Chapter 2. Contemporary Geoethics Within the Geosciences

Abstract
Responsible interaction of people with the Earth system calls for deep engagement with ethical considerations. Due to their professional knowledge and skills, geoscientists in particular should reflect on the ethical implications of their work that could guide responsible interactions. Geoethics offers geoscientists a framework for operationalising and exercising this responsibility whilst also orienting other professions and society towards responsible interactions with the Earth system. This chapter explores the meaning of geoethics in detail and describes the current state of geoethical thinking and its application to geoscience research and practice. It argues that reference values and general principles should be reconciled with context-dependent perspectives in complex decision-making settings, and reflects on the potential of geoethics to inform a more ‘responsible anthropocentrism’.
Silvia Peppoloni, Nic Bilham, Giuseppe Di Capua

Chapter 3. Exploring Societal Intersections of Geoethical Thinking

Abstract
This chapter explores geoethical thinking as a means for offering alternative modes of living in a world where humans and natural systems are inextricably linked. Real-world examples demonstrate the societal relevance of geoethics. Four essays illustrate different aspects and specific contexts. The first explores the societal significance of geoscience as a ‘stewardship-science’ and elicits the often hidden influence of geoscience in contemporary societies. The second describes an adaptive and collaborative governance approach affording more sustainable futures for small-scale fisheries. This approach combines universal values with contextual practices to inform geoethics-inspired governance approaches. The third argues that more rigorous engagement with citizen science would demonstrate the societal relevance of geoethics. The final essay explores how ‘society–Earth-centric’ narratives can help citizens better understand their (inter)actions within the Earth system.
Martin Bohle, Rika Preiser

Chapter 4. Humanistic Geosciences and the Planetary Human Niche

Abstract
The societal relevance and purpose of geoscience are discussed from a conceptual perspective in this chapter.

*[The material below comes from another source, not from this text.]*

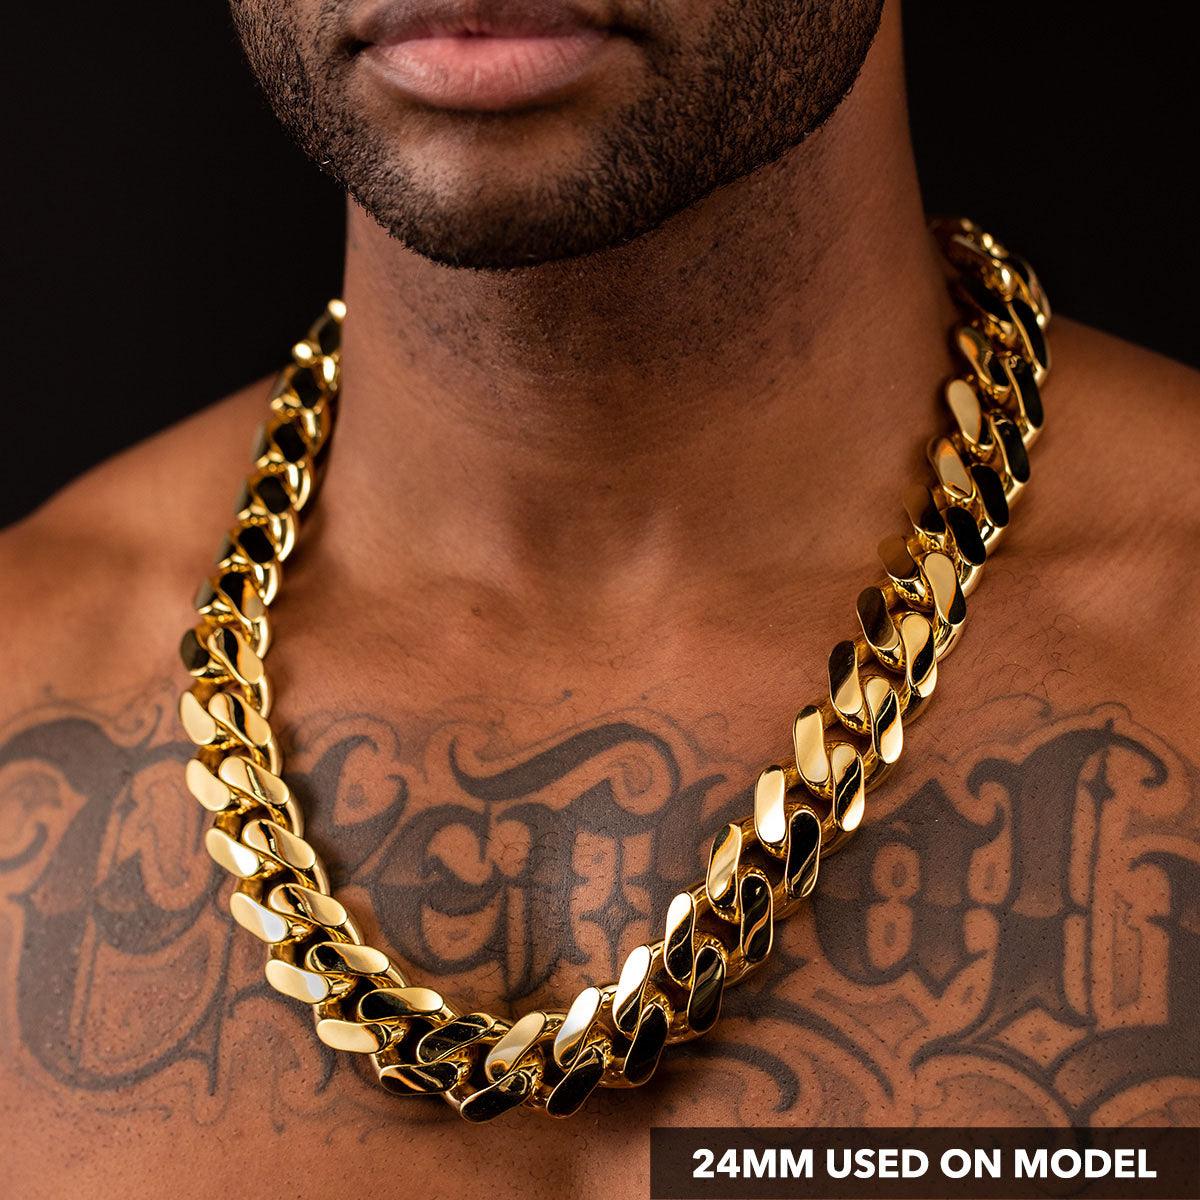 The Most Popular Men's Gold Chain Necklaces Among Celebrities and Influencers - bayamjewelry

It explores how people should live ethically in times of anthropogenic global change and describes the history and current state of ‘human niche-building’ (or ‘engineering’, in its broadest sense) at the planetary scale. It outlines how the Earth can be conceived as a single system, ‘people included’, by considering the geosphere, biosphere and ‘noosphere’—a term repurposed here to denote the human agent and its socio-technological means, consisting of physical and mental artefacts. It posits Kohlberg’s hierarchy of moral adequacy as a reference scale for assessing the maturity of human–Earth interactions, and argues for the social value of geoethical thinking in shaping public narratives about these interactions.
Martin Bohle, Eduardo Marone

Chapter 5. Reframing Geoethics?

Abstract
Geoethics is an emerging and expanding field which is deepening its philosophical foundations and strengthening its interactions with other disciplines. Such expansion may be in tension with the need for geoethics to be a focused framework to support geoscientists in their work. There is also a risk of ‘geoethics’ being used as a catch-all term for reflection and research when considering human actions within the Earth system. The chapter reflects on how the scope of geoethics might be constrained. It suggests that geoethics might be framed as relating to the practices and values of any human agent as part of the Earth system, whereas the complementary notion of ‘geosophy’ could be used to refer to the broader considerations regarding human–Earth system interactions.